I found out that I can get case briefs from the Utah State Law Library. Its about a hundred miles from me but they will email them if you pay a fee. The Q-2 brief cost me $5 and I had it in about three hours, less time than the drive and a lot cheaper than the fuel and wear on the truck.

I get them from the Sacramento County Public Law Library. In Westlaw they have tabs across the top which have a table of authorities, citing references, and case briefs. Westlaw will deliver a list or table, or the documents, pretty handy.

Every County in California has a free public law library.
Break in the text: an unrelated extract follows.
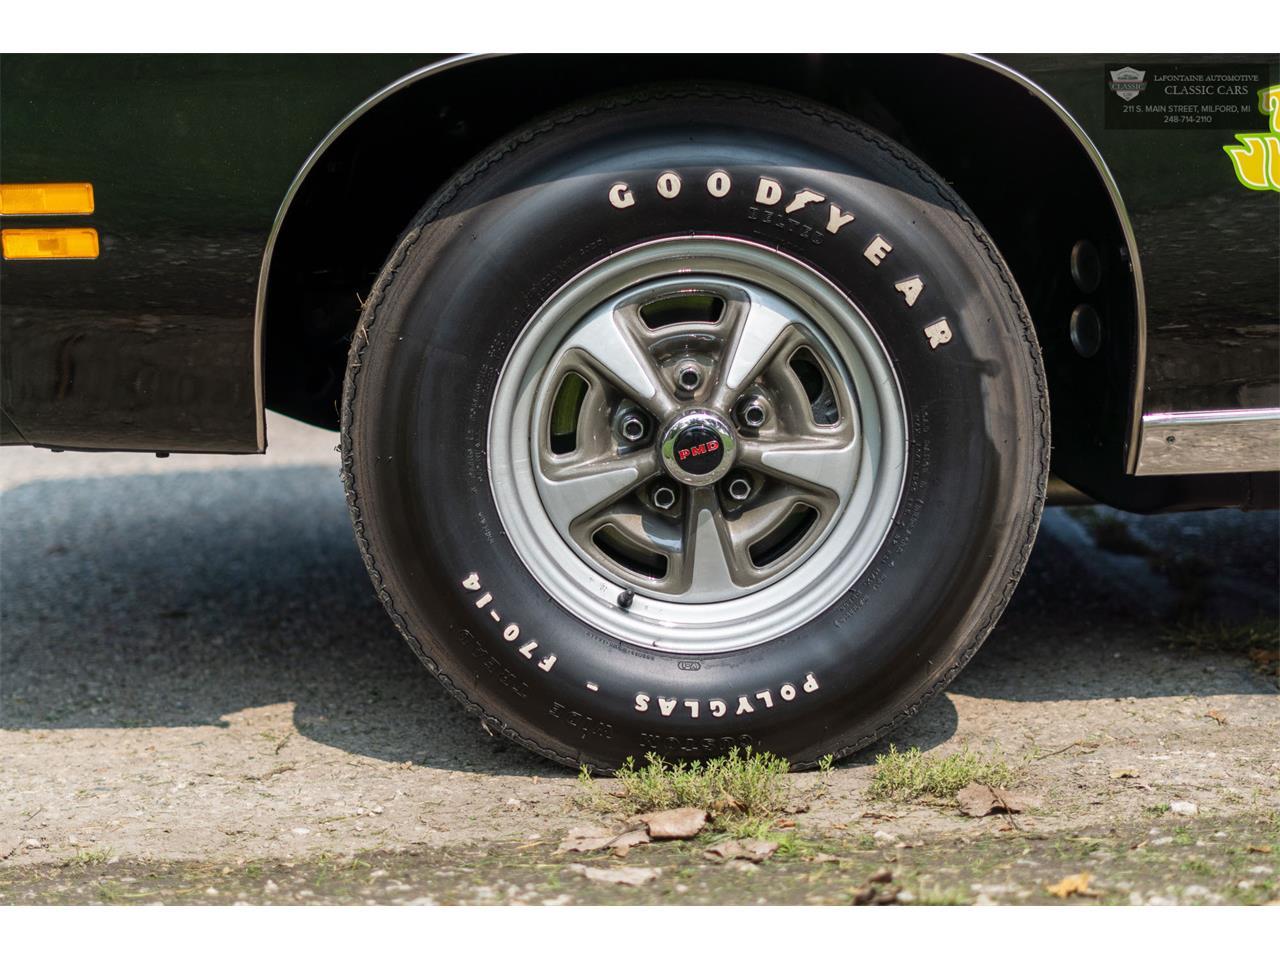 1971 Pontiac GTO (The Judge) (CC-1392956) for sale in Milford, Michigan

I am following a criminal case which is in appeal at the 3rd District Court of Appeals because I was a juror. If I wasn't so curious I could wait until the final opinion comes out then get everything for free but I can walk over to the 3rd District clerk's office and pick them up for $10 each (electronic copy). I wanted to know what their appeal is based on. The first appellant's opening brief is 25,500 words at 105 pages and the second one is 19,336 words at 72 pages (there are two defendants, we acquitted the third defendant so obviously she isn't appealing that). For $10 I get the document on a brand new 8gb flash drive, not a bad deal.


 
Posted : February 8, 2017 1:58 pm
ridge
(@ridge)
Posts: 2701
Member
Topic starter
Translate
English
Spanish
French
German
Italian
Portuguese
Russian
Chinese
Japanese
Korean
Arabic
Hindi
Dutch
Polish
Turkish
Vietnamese
Thai
Swedish
Danish
Finnish
Norwegian
Czech
Hungarian
Romanian
Greek
Hebrew
Indonesian
Malay
Ukrainian
Bulgarian
Croatian
Slovak
Slovenian
Serbian
Lithuanian
Latvian
Estonian
 

I think that's how it is in Utah. If you want the briefs before the case is done you can get them from the court. After the opinion is issued they send it all to the law library.

I can't walk to any law library (maybe from their parking lot after a minimum 50 mile drive). I sorta live in the boonies. Heck, almost all of Utah is the boonies compared to CA.